ERROR: /home/nvidia/data_1/bazel_cache/_bazel_nvidia/4b572e4626de8216768980dc63f03b80/external/jpeg/BUILD:269:1: C++ compilation of rule '@jpeg//:simd_armv7a' failed (Exit 1)
gcc: error: unrecognized command line option '-mfloat-abi=softfp'
Target //native_client:libctc_decoder_with_kenlm.so failed to build
Use --verbose_failures to see the command lines of failed build steps.
INFO: Elapsed time: 95.915s, Critical Path: 0.96s
INFO: 10 processes: 10 local.
FAILED: Build did NOT complete successfully

I find wired that gcc is complaining about armv7a when in fact TX2 has armv8a (if I am not mistaken).

Could somebody please give me some ideas how to proceed further?
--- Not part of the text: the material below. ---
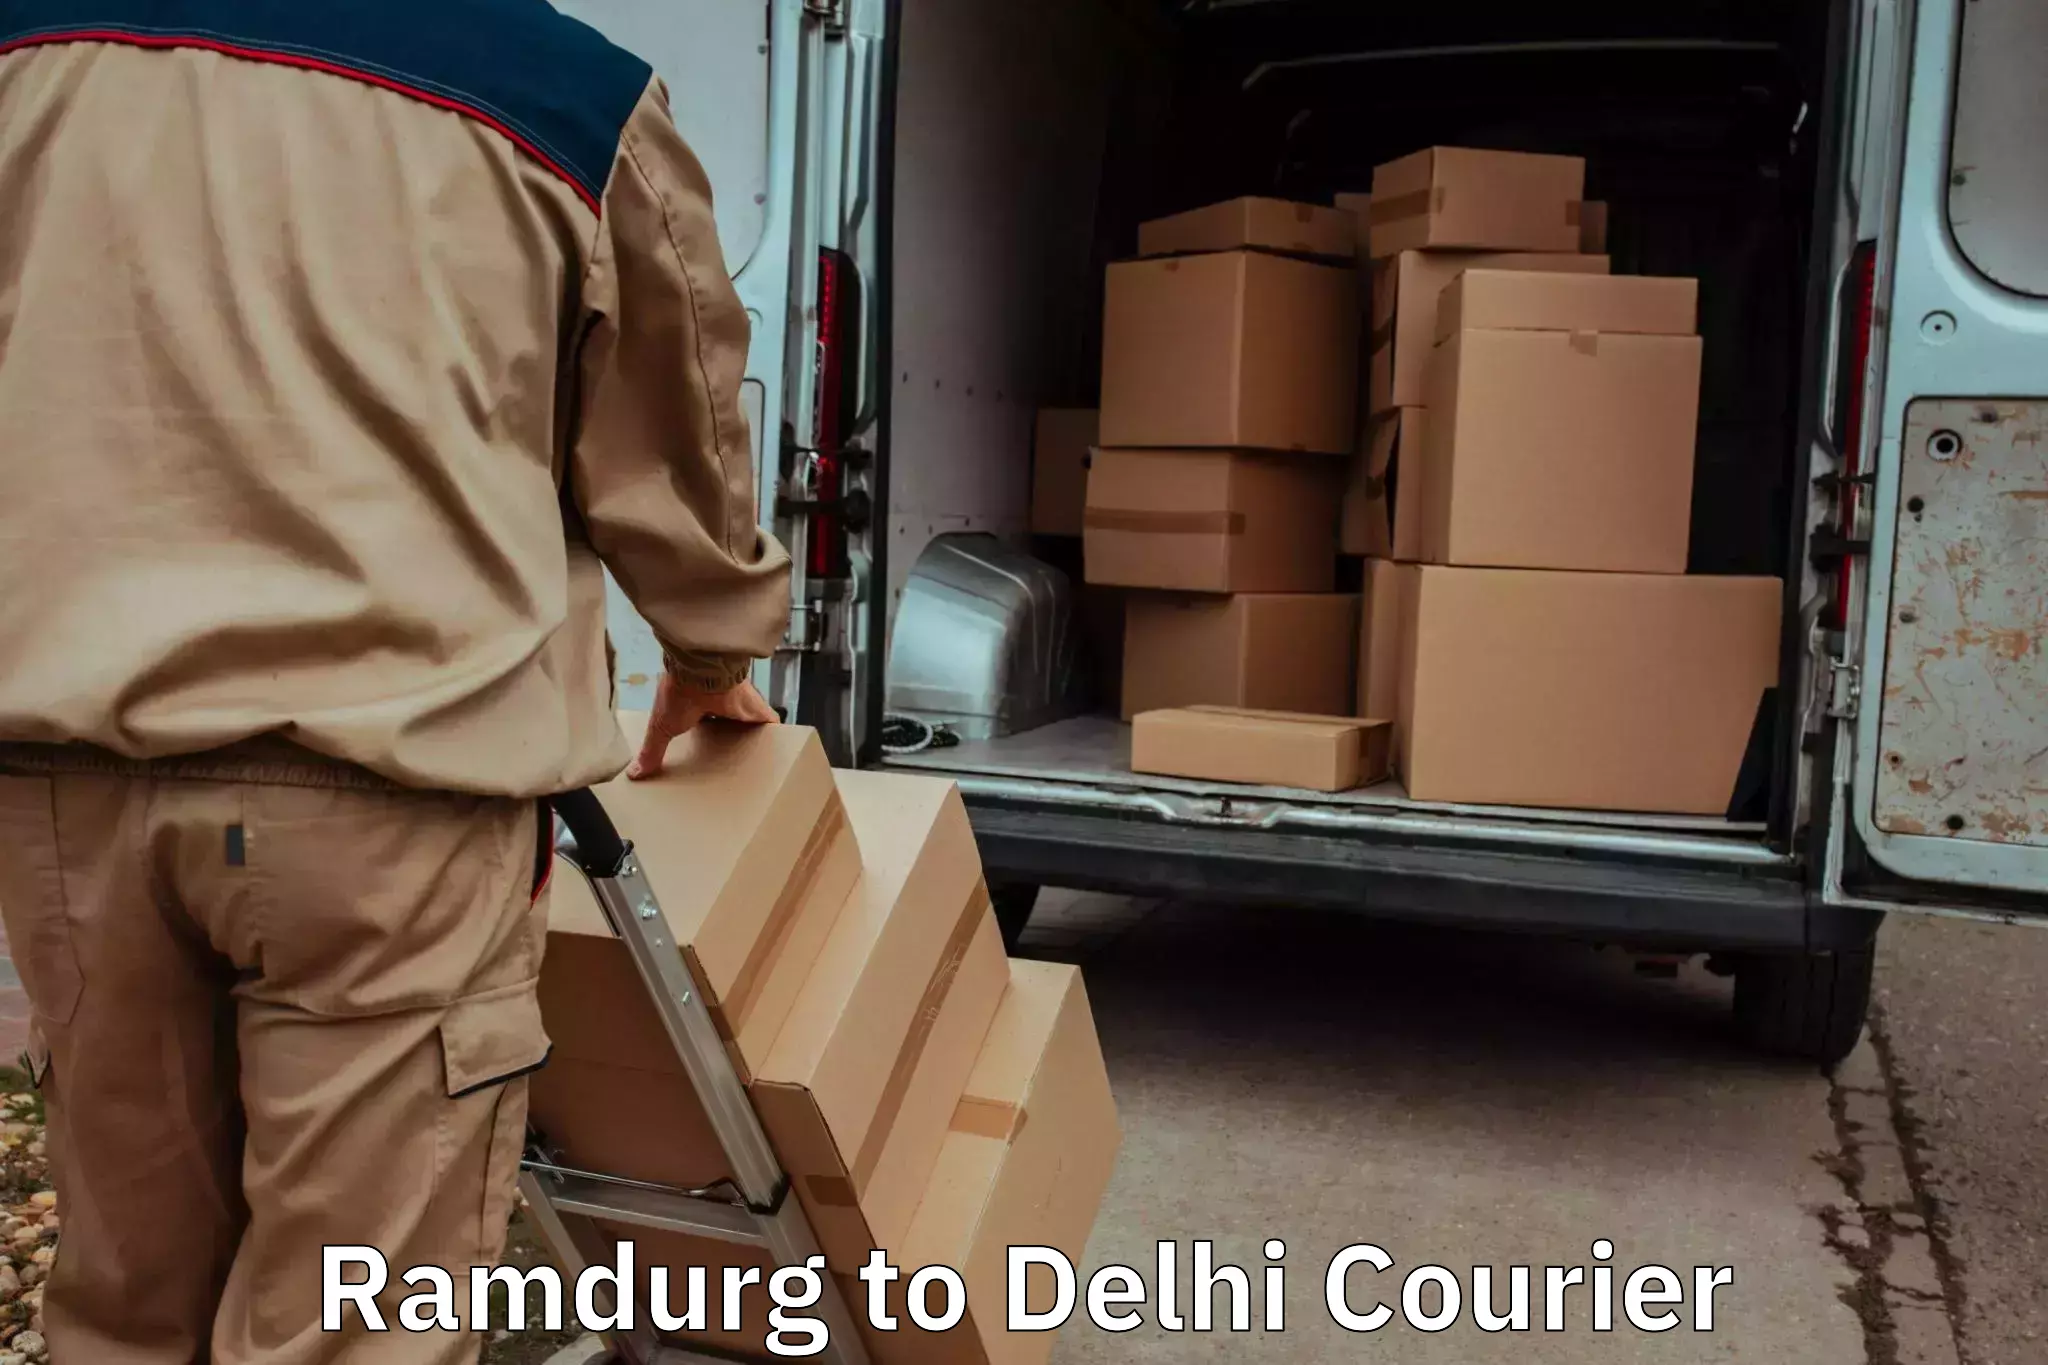 Cost-effective moving options Ramdurg to NCR

lissyx commented 6 years ago

@gheorghelisca This is not the right place for asking for help. The error message actually confirms you are building on ARMv8 with Aarch64 compiler, hence the inexistent float abi command line argument. I cannot help more, we don't support in-situ ARM building, please cross-compile.

lissyx commented 6 years ago

@gheorghelisca You should discuss that on the Discourse forum and specifically with @elpimous, he actually run this setup and I know he recently updated his work on current master without any issue.

gheorghelisca commented 6 years ago

@lissyx Thanks a bunch! ... I will get in touch with @elpimous .

lock[bot] commented 5 years ago

This thread has been automatically locked since there has not been any recent activity after it was closed. Please open a new issue for related bugs.